WORK ORDER:
Only one stretch of the data below is needed: the line with "Recycle your jeans" through the last line. Output it exactly and drop the pictures.

BEGIN DATASET EXTRACT

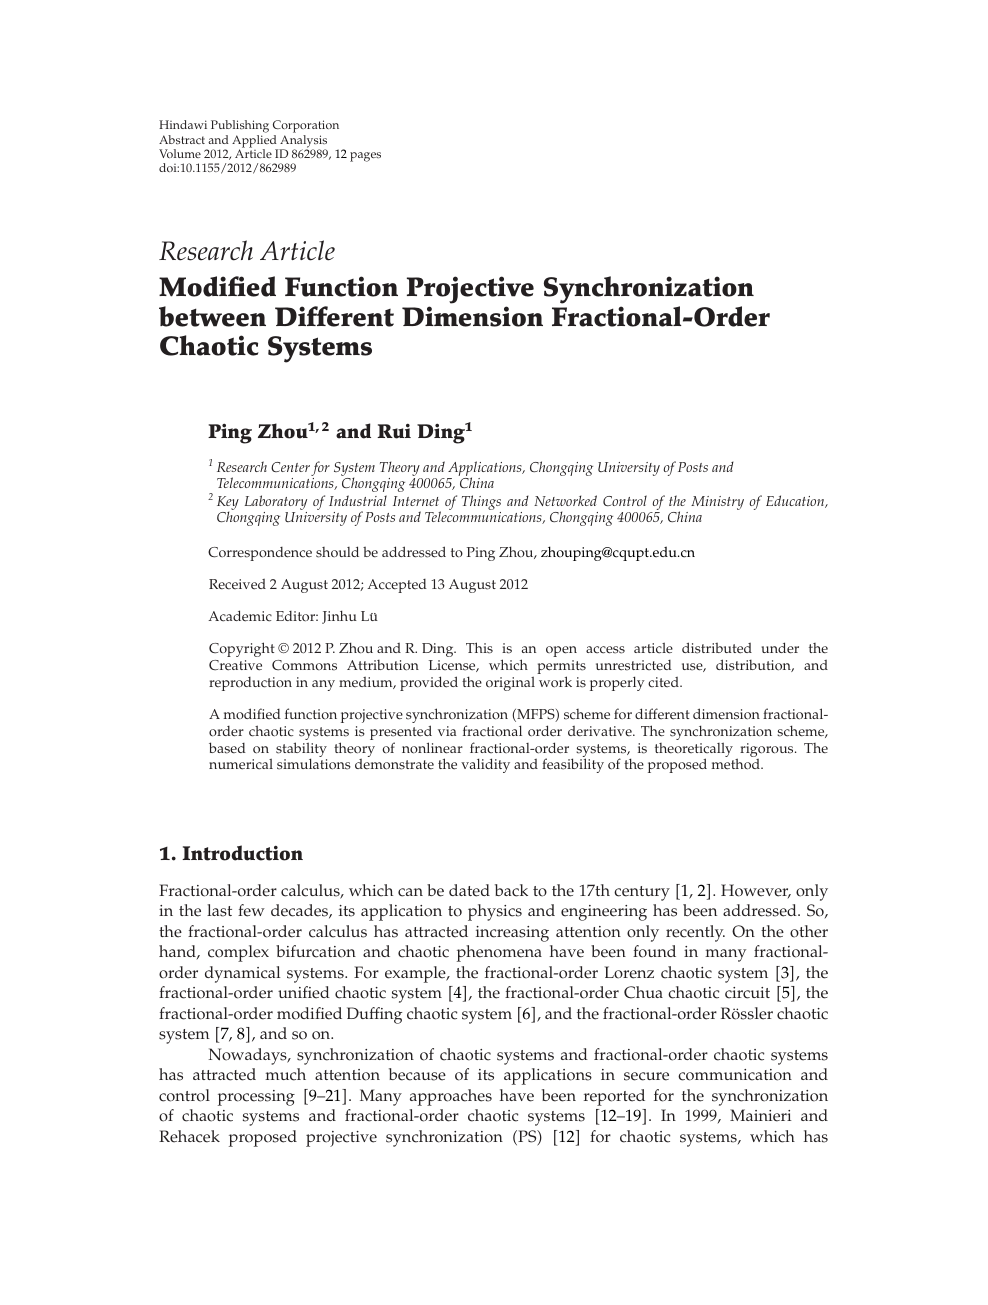 Modified Function Projective Synchronization between Different Dimension  Fractional-Order Chaotic Systems – topic of research paper in Mathematics.  Download scholarly article PDF and read for free on CyberLeninka open  science hub.
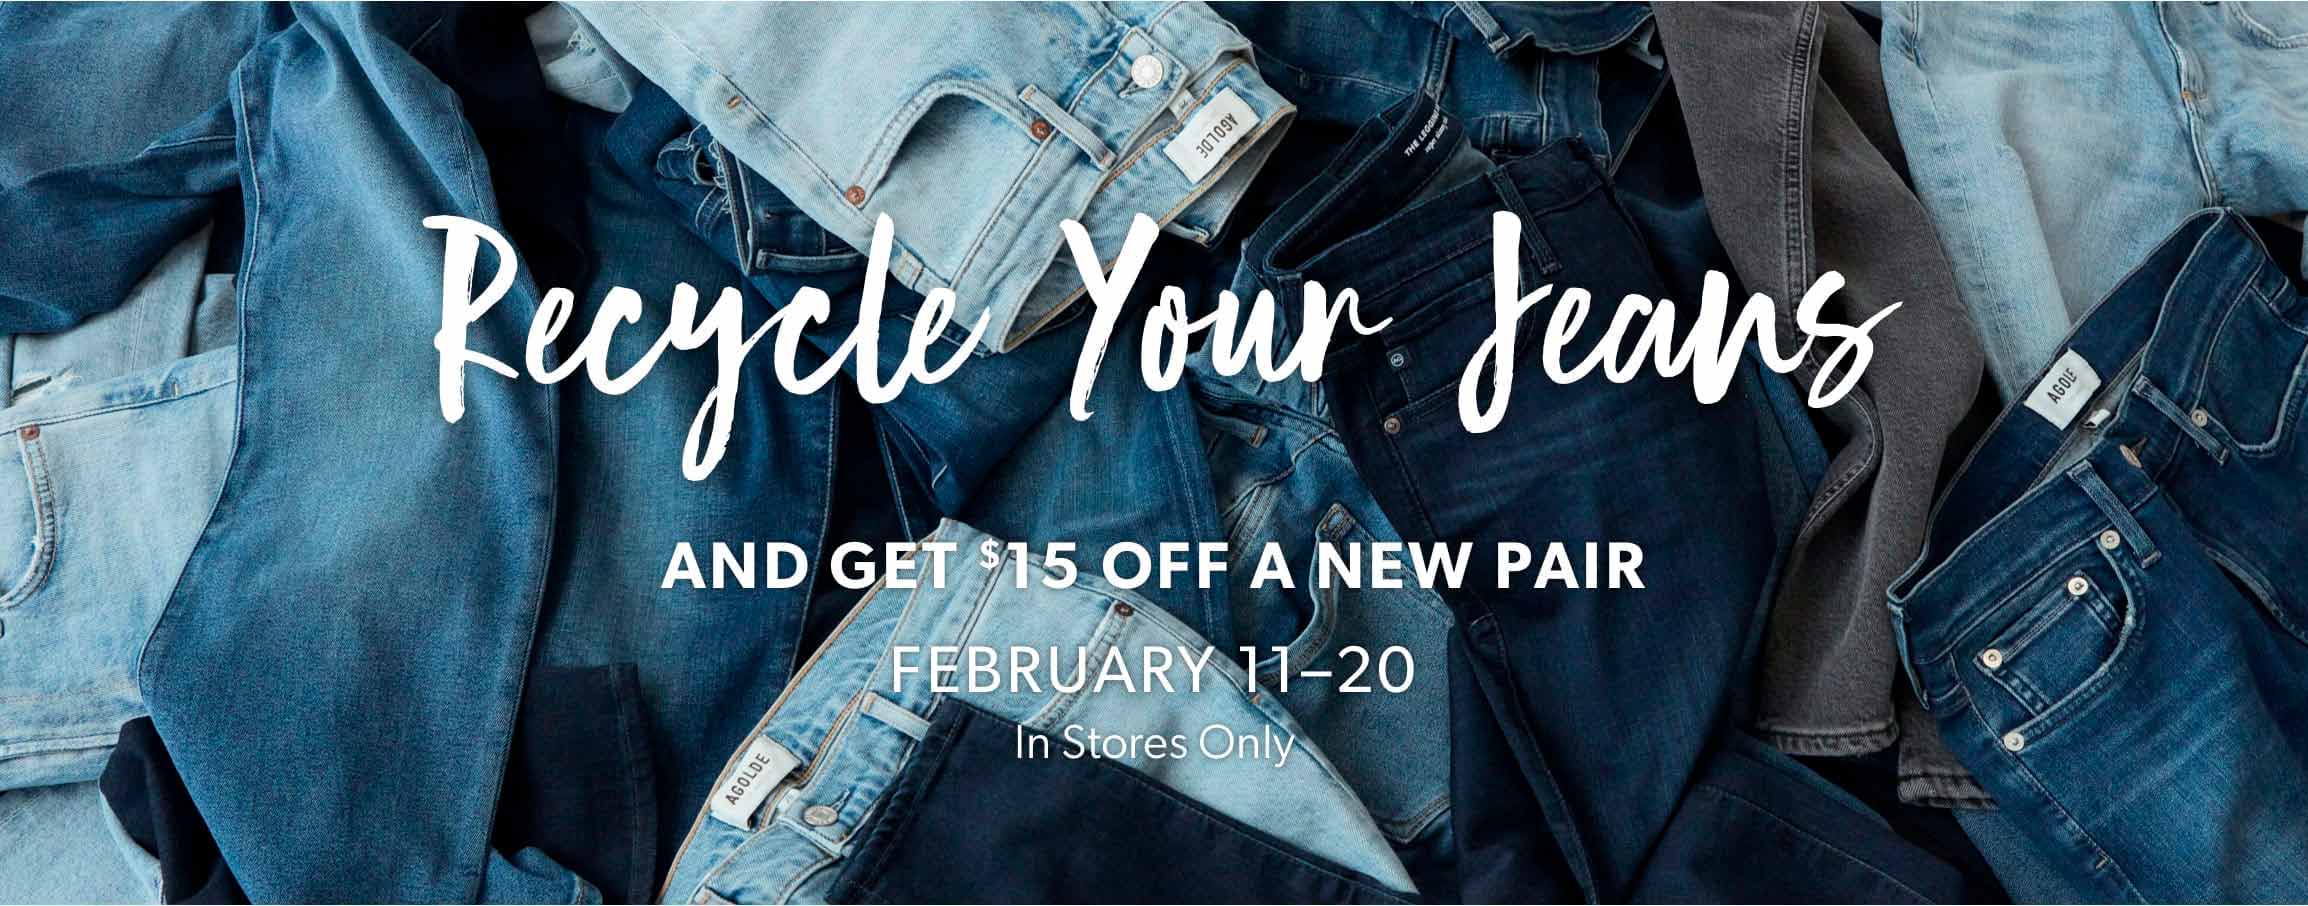 Recycle your jeans and get $15 off a new pair. February 11-20. In stores only.
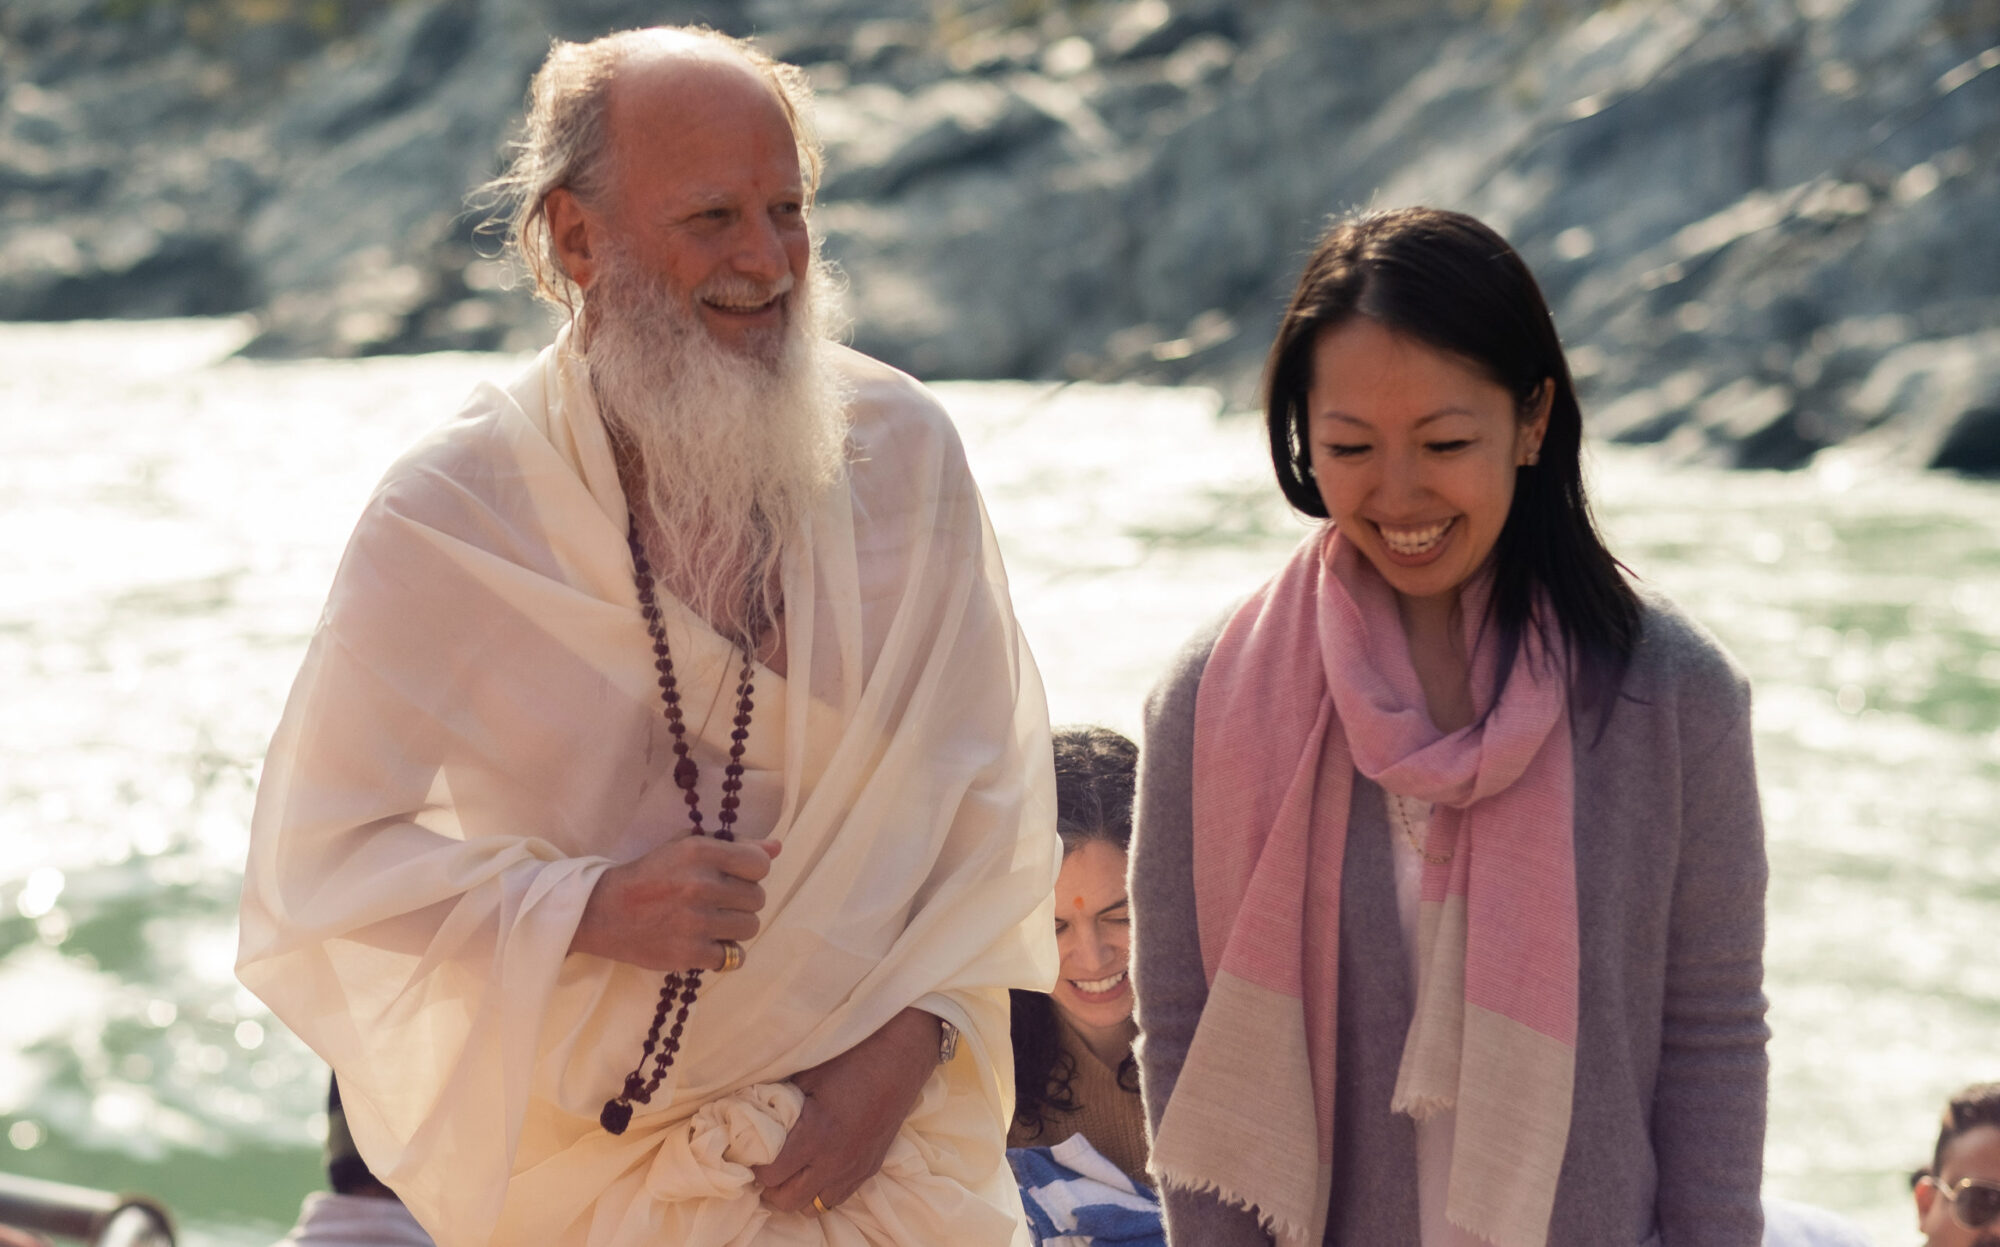 Thom Knoles discussing advanced meditation with a practitioner

END DATASET EXTRACT

SOLUTION TO THE PROBLEM:
 Recycle your jeans and get $15 off a new pair. February 11-20. In stores only.
 Thom Knoles discussing advanced meditation with a practitioner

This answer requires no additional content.